Exhibit 5.1


[Letterhead of Troutman Pepper Hamilton Sanders LLP]


May 10, 2024

Avenue Therapeutics, Inc.

1111 Kane Concourse, Suite 301

Bay Harbor Islands, Florida 33154



Re:         Up to $3,850,000 of Shares of Common Stock, par value $0.0001 per share, to be offered pursuant to the Offering Agreement



Ladies and Gentlemen:


We are acting as counsel to Avenue Therapeutics, Inc., a Delaware corporation (the “Company”), in connection with the issuance, offer and sale of an aggregate of $3,850,000 of shares (the “Shares”) of common stock, par value $0.0001 per share, of the Company, from time to time and at various times in an “at the market offering” pursuant to the terms of the At the Market Offering Agreement, dated May 10, 2024 (the “Offering Agreement”) by and between the Company and H.C. Wainwright & Co, LLC, the registration statement on Form S-3 (No. 333-261520) originally filed on December 7, 2021 with the Securities and Exchange Commission (the Commission”) under the Securities Act of 1933, as amended (the “Securities Act”), and declared effective on December 10, 2021, the base prospectus included in the Registration Statement (the “Prospectus”) and the prospectus supplement related to the Offering, dated May 10, 2024 (the “Prospectus Supplement”) filed on the date hereof with the Commission under Rule 424(b) under the Securities Act. The Shares may be offered and sold by the Agent on behalf of Company from time to time pursuant to Rule 415 under the Securities Act in accordance with the terms of the Sales Agreement.

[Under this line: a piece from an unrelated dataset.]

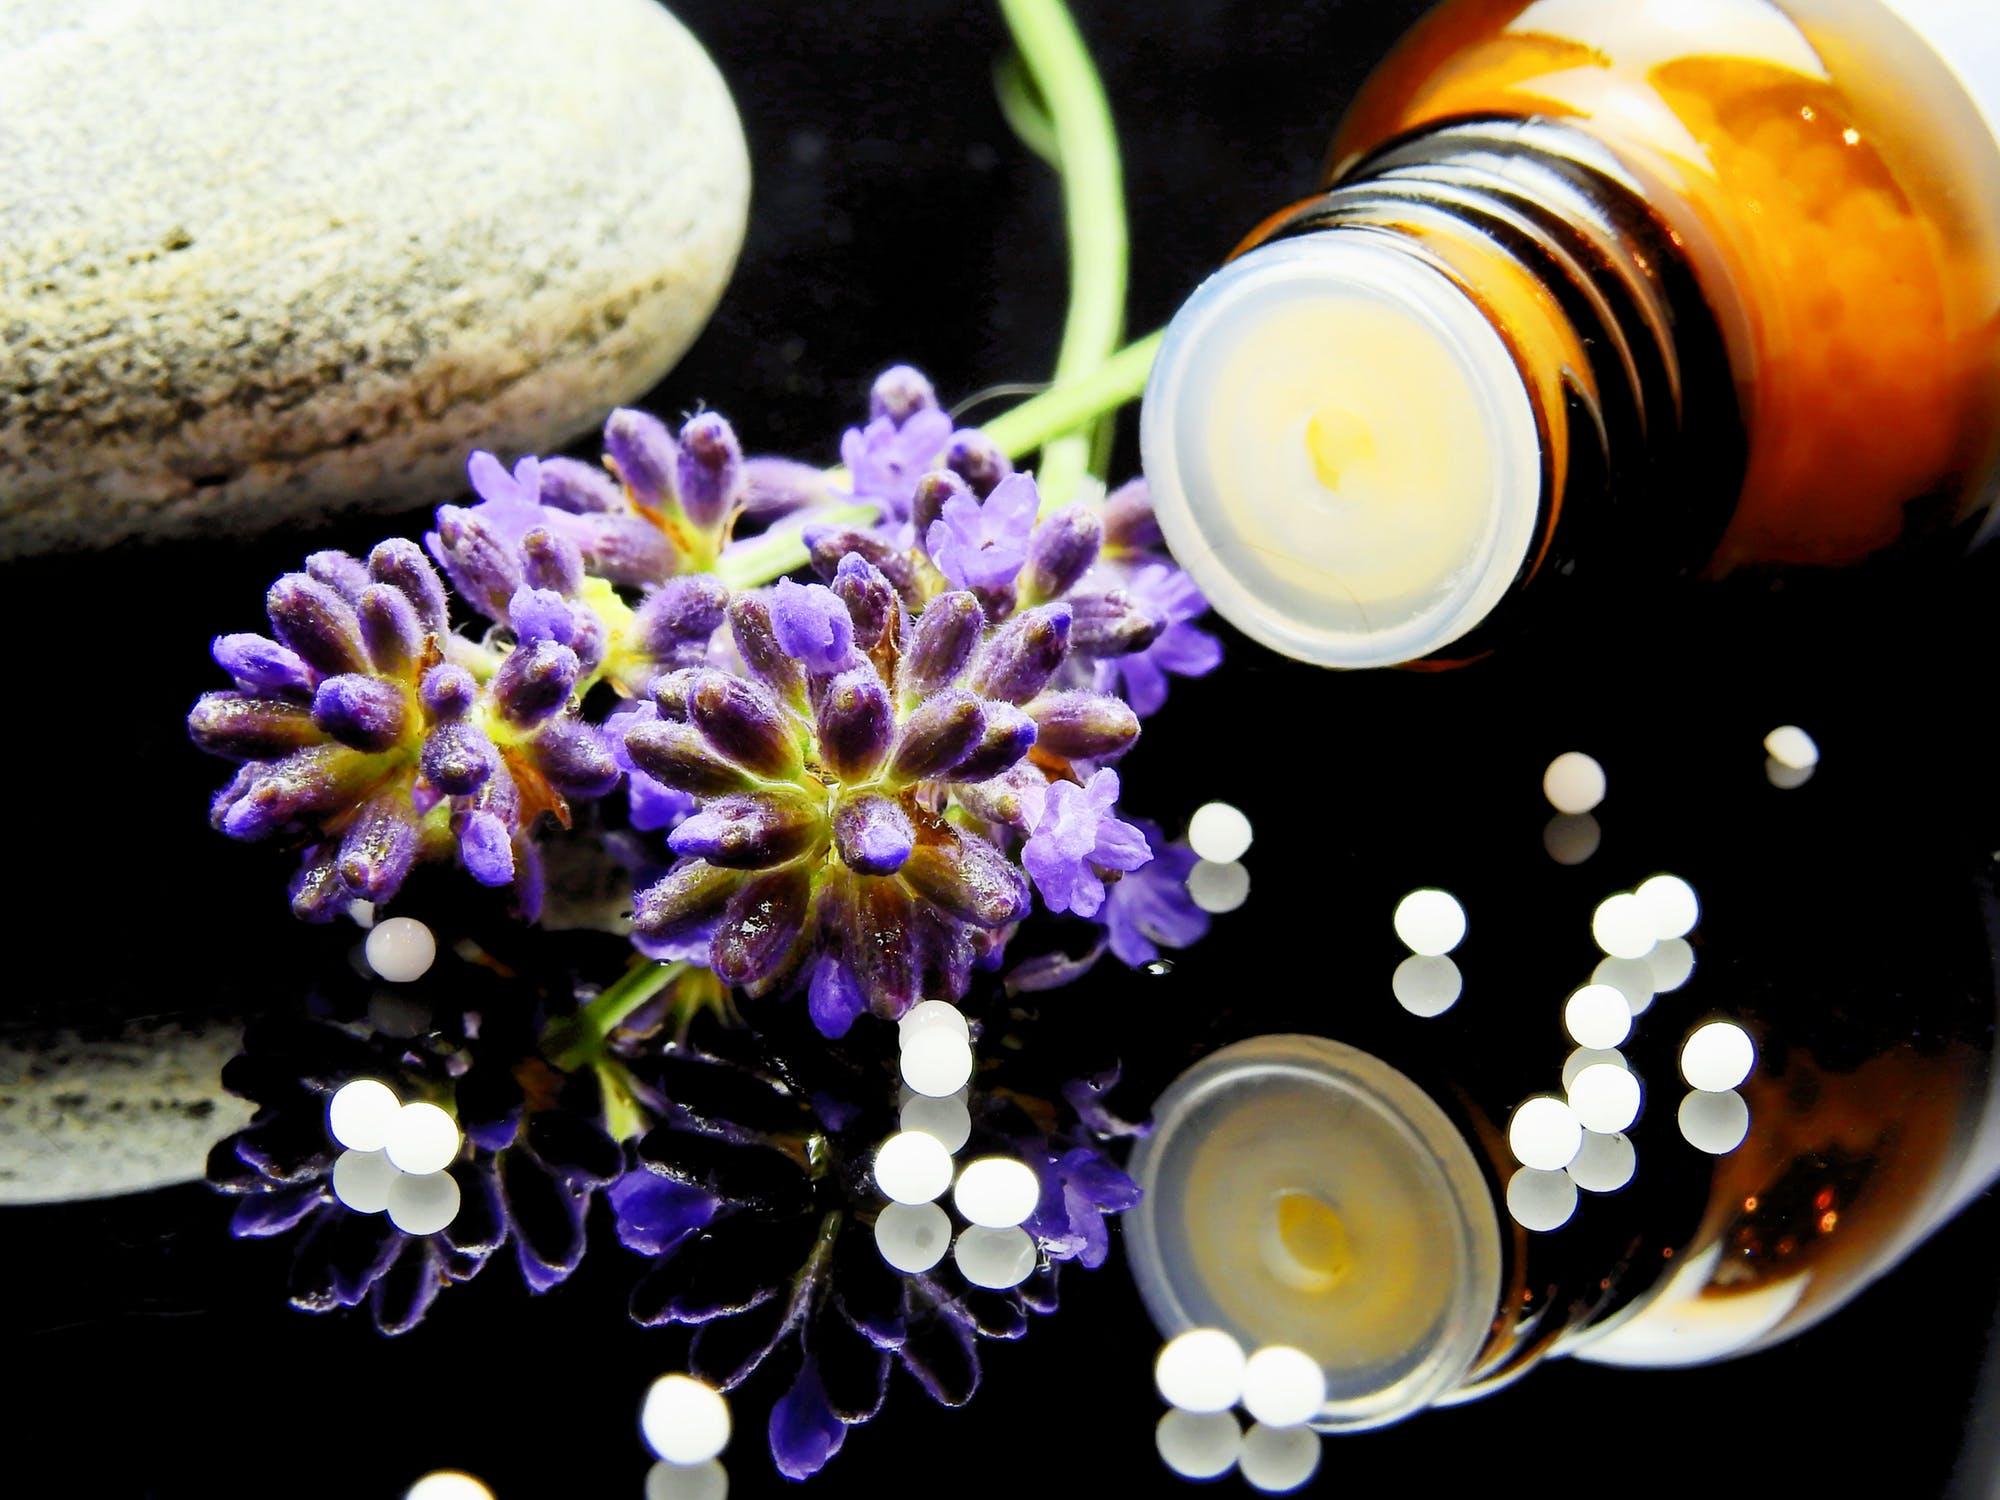 Homeopatija nas leči na prirodan i nežan način

We have reviewed the corporate proceedings taken by the Company with respect to the registration of the offer and sale of the Shares. We have also examined and relied upon originals or copies of such corporate records, documents, agreements or other instruments of the Company, and such certificates and records of public officials, and such other papers, as we have deemed necessary or appropriate in connection herewith. As to all matters of fact, we have relied entirely upon certificates of officers of the Company, and have assumed, without independent inquiry, the accuracy of those certificates.


In rendering this opinion, we have assumed: the genuineness and authenticity of all signatures on original documents; the legal capacity of all natural persons; the authenticity of all documents submitted to us as originals; the conformity to originals of all documents submitted to us as certified or photocopies; the accuracy and completeness of all documents and records reviewed by us; the accuracy, completeness and authenticity of certificates issued by any governmental official, office or agency and the absence of change in the information contained therein from the effective date of any such certificate; and the due authorization, execution and delivery of all documents where authorization, execution and delivery are prerequisites to the effectiveness of such documents, except we make no such assumption as to the Company.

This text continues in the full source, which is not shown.